Books are my creative fuel, and reading is at the very heart of my practice as a writer and an artist. Not many people know this, but I used to work the reference desk in a public library. In many ways, I still feel like a librarian: a big part of the joy of my work is pointing my readers “upstream” to the books I love.
I hope the books I choose will be both useful and beautiful, but most importantly, I hope these books will be fun to read.
I firmly believe that reading should be fun.
(And, again, if you have any questions, please contact Literati!)
Nobody wants to read a book
“It isn’t that people are mean or cruel. They’re just busy. Nobody wants to read your shit.”
—Steven Pressfield
I posted this innocuous photo of our living room bookshelves the other day and people started asking me all kinds of questions, like, “How do you organize your books?” (I don’t) and “What’s the book you gift the most?”
Sacrilegious for someone of my profession to say, maybe, but I don’t like giving people books unless they’re 1) books they’ve asked for 2) really nice editions of books they already love. Otherwise, it feels like giving someone work. “Did you read that book I gave you yet?!?” (You, though, you should buy lots of my books and gift them indiscriminately. Ha!)
Reading a book requires, by today’s dismal standards, an enormous investment of time and attention, and the writer either honors that investment or suffers the consequences. (As Vonnegut told us, a writer has to be “a good date.”)
In the first major interview with legendary comedy writer John Swartzwelder, “sage of The Simpsons,” he says:
Nobody wants to read a book. You’ve got to catch their eye with something exciting in the first paragraph, while they’re in the process of throwing the book away. If it’s exciting enough, they’ll stop and read it. Then you’ve got to put something even more exciting in the second paragraph, to suck them in further. And so on. It’s exhausting for everybody, but it’s got to be done.
But if you know you have to honor the reader’s time and attention with “good” work, how do you ever get the guts to sit down and write?
You have to be willing to be bad, first, and write a shitty first draft.

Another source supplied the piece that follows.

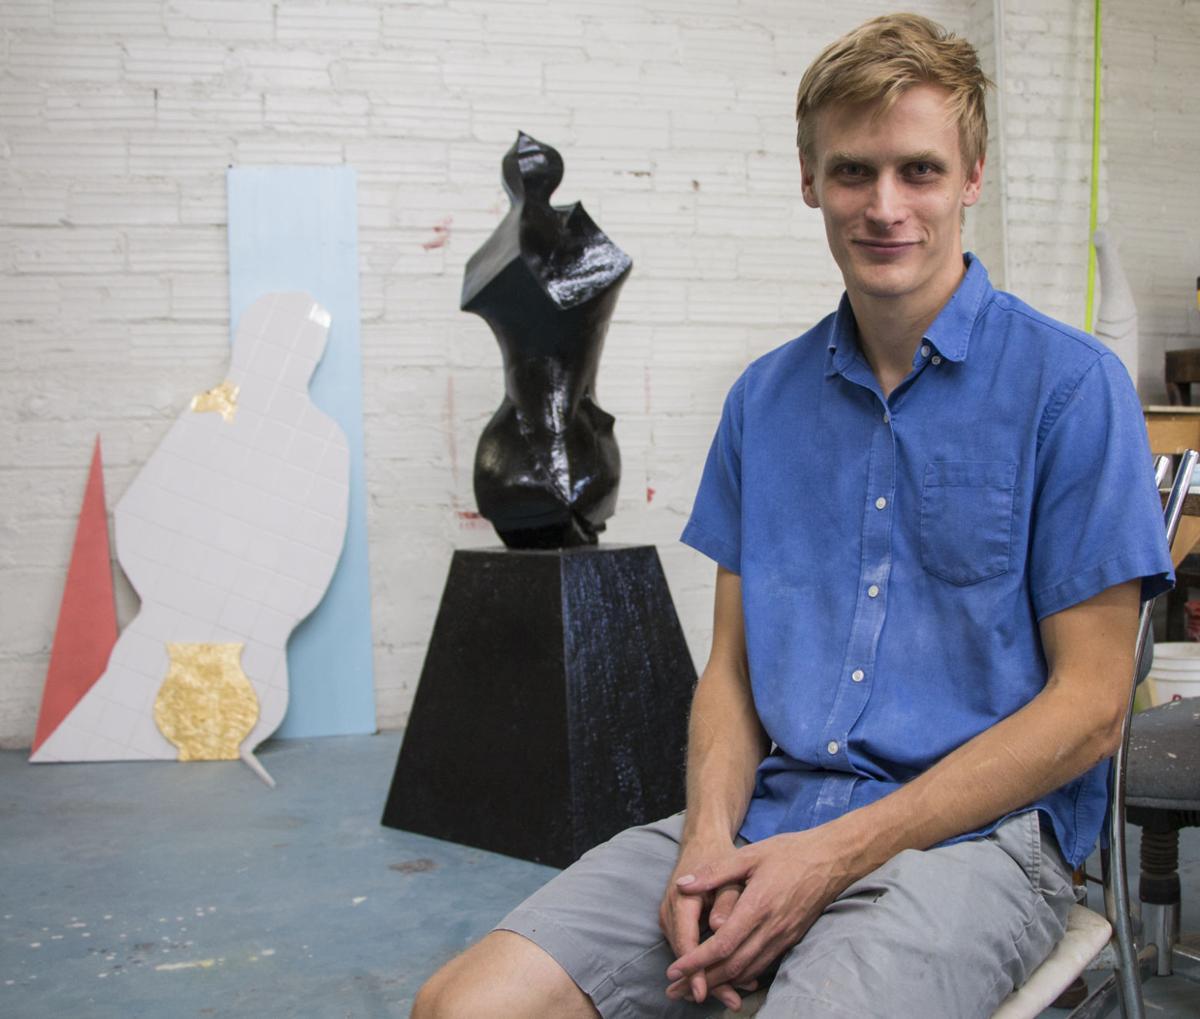 Nebraska Wesleyan Ceramics Teacher Molds The Minds Of

That is the whole trouble.
Swartzwelder suggests working with time, and the overnight magic of put it in the drawer, and walk out the door:
I do have a trick that makes things easier for me. Since writing is very hard and rewriting is comparatively easy and rather fun, I always write my scripts all the way through as fast as I can, the first day, if possible, putting in crap jokes and pattern dialogue—“Homer, I don’t want you to do that.” “Then I won’t do it.” Then the next day, when I get up, the script’s been written. It’s lousy, but it’s a script. The hard part is done. It’s like a crappy little elf has snuck into my office and badly done all my work for me, and then left with a tip of his crappy hat. All I have to do from that point on is fix it. So I’ve taken a very hard job, writing, and turned it into an easy one, rewriting, overnight. I advise all writers to do their scripts and other writing this way. And be sure to send me a small royalty every time you do it.
As the interviewer, Mike Sacks, summarized the method: “Create an imperfect world and then improve it.”
(Sacks has published two collections of interviews with comedy writers worth your time: Poking a Dead Frog and And Here’s The Kicker. And Swartzwelder’s novels are here.)
Okay, now I’m off to make something bad that I will fix later!